(Наверно не всем это понравилось.)
Мы опять сидели у стеночки, абсолютно безучастно теперь наблюдая концерт и красную мигалку – в голове и в грудной клетке была пульсация покруче. Я осознал, что на меня навалилась девушка – на плечо, рука у меня на бедре. Посмотрел – абсолютно мёртвая, лицо белое, волосы чёрные, чёрная кожанка-пиджачок, чёрные штаны – неплохая, но абсолютно плохая. Совершенно неодушевлённо она воспринимала меня как совсем неодушевлённый предмет: наваливалась, соскальзывала, наползала, сползала… её чёрный маленький ботиночек, очень грязный, стоял прямо на моём белом катерпиллере, буквально размяв его ещё толком не размятый нос. Но мне было всё равно, и даже приятно и чувствовалось кое-что холодное, тёплое, горячее, некрофильское. Физическое состояние, как всегда после барахтания, было неоднозначным: в висках стучало и болело, в глазах мутнело как при обмороке, сердце, казалось, проткнула тоненькая, едва уловимая спица или такая прочная блестящая стальная ниточка… или лучше стружка – тонкая, шероховатая, с радужным отливом… Было невыносимо - невыносимо выносить это бытие, но уже ничего нельзя поделать в таком состоянии, нельзя ничего сделать, ничем заняться – и здесь уже близка нирвана - вынужденная нирвана…
Я поправлял её, мял абсолютно холодную, безжизненную руку и как-то бездумно думал… Появилась Репа («отсочала»!) – ходит вокруг нас, разглядывает меня, улыбается, да как даст этой девушке своим ботинком с железной обоймой прямо в кость. Боль адская (наверно). Я весь передёрнулся, все мои жилы одномоментно сжались, как будто следующий удар должен быть по мне, девушка сползла, Репа улыбается, наклоняется: «Щас бы её к вам как-нибудь принести да позабавиться, только она совсем…» На полсекунды я представил. Я очнулся, я чувствовал ещё отголоски судороги в своих икрах (вспомнил, что что-то подобное мне рассказывали сегодня про Ксюху – а тут я как бы увидел это воочию!), я чувствовал еле-еле тёплую её щёку, едва заметный и мягкий пушок, её духи, запах кожи (курточки, то есть пиджака). Казалось мне, что и Ксюху эту я видел, или даже, точнее сказать, слышал – хотя как тут услышишь – разве что на каких-то иных частотах… «Пойдём пить», - сказал Саша. Я, если отдёрнусь, встану, она упадёт, как же она… Саша меня рванул, а Репа развязно кантовала тело на лавке, выстраивая из него не очень приличную позу, и ещё тыкала туда, в неприлично широко разведённые, полусогнутые ноги, факом и плевалась. «Как Рыбак - в садистичеком вдохновении декламировала она, - на шпагат! (Рыбак, Рыбарь – это прозвище О.Ф. Кстати, где он?). Лезейку бы щас… э-эхх…»

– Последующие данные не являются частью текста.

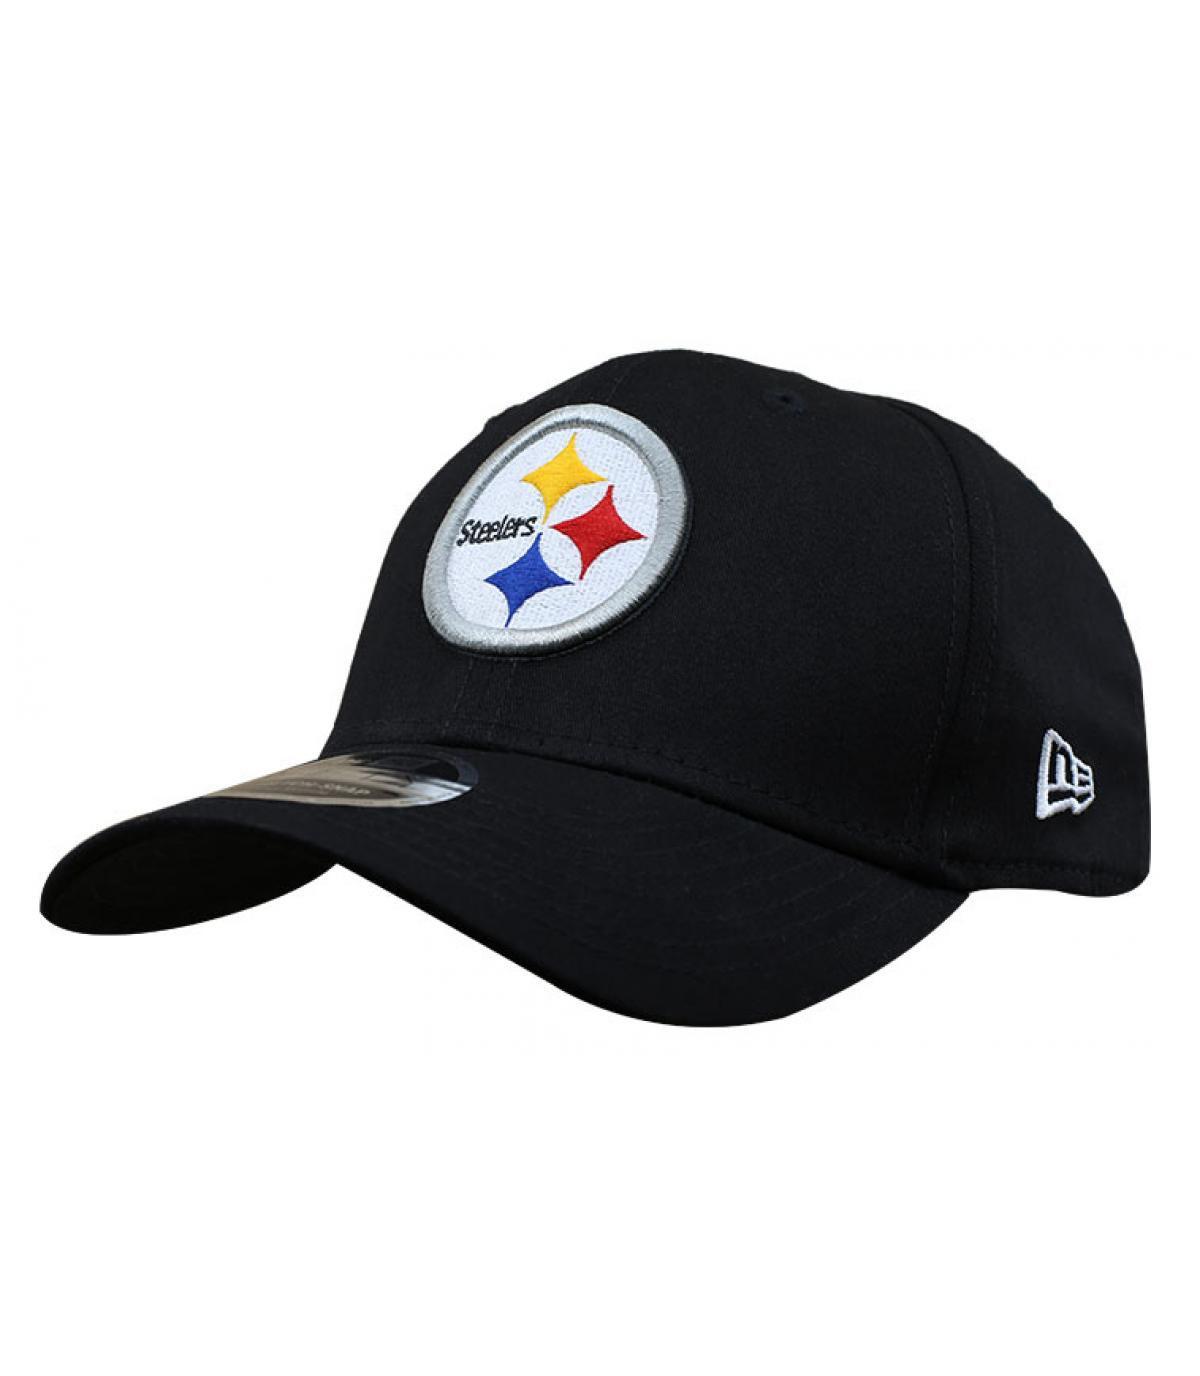 Détails Snapback Team Stretch Steelers 950 - image 2

…Мы ещё вмазали… Фёдор, Санич, Репа, О.Фролов исчез, Санич что-то сказал… Репа тоже пропала… Помню, я опять на бетоне, чьи-то ноги… Даже что-то женское – это бред наверно, или уже ад…Смотрю – нет ещё вроде: в баре, лежу на полу, Санич высоко вверху стоит, покачиваясь и мрея, как в мареве на жаре - берёт пиво (за чей же счёт интересно? неинтересно, не интересно, а по хую абсолютели), пиво стоит перед носом, но голова, боком и виском, лежит на бетоне, люди перешагивают, здесь очень грязный пол… Санич меня тащит – в трубу. В башню. Здесь очень грязный пол… Зато вып е ть… Я иду ссать через дансинг, сшибаю, сшибаю. Красная мигалка, падающие барабаны, стоп – здесь очень грязный пол наверное… Кто-то водит меня блевать (очень, очень грязный пол), блевать – два раза, по-моему…
И тут я вроде бы отсочал. Пойду домой, думаю. Санич сказал, что он не может идти (не может ходить), не пойдёт: далеко, останется здесь до троллейбусов. Одному идти плохо, надо решиться на это, но я знаю, что я всегда хочу путешествовать, но потом хочу домой, хотя дома у меня по сути дела и нет…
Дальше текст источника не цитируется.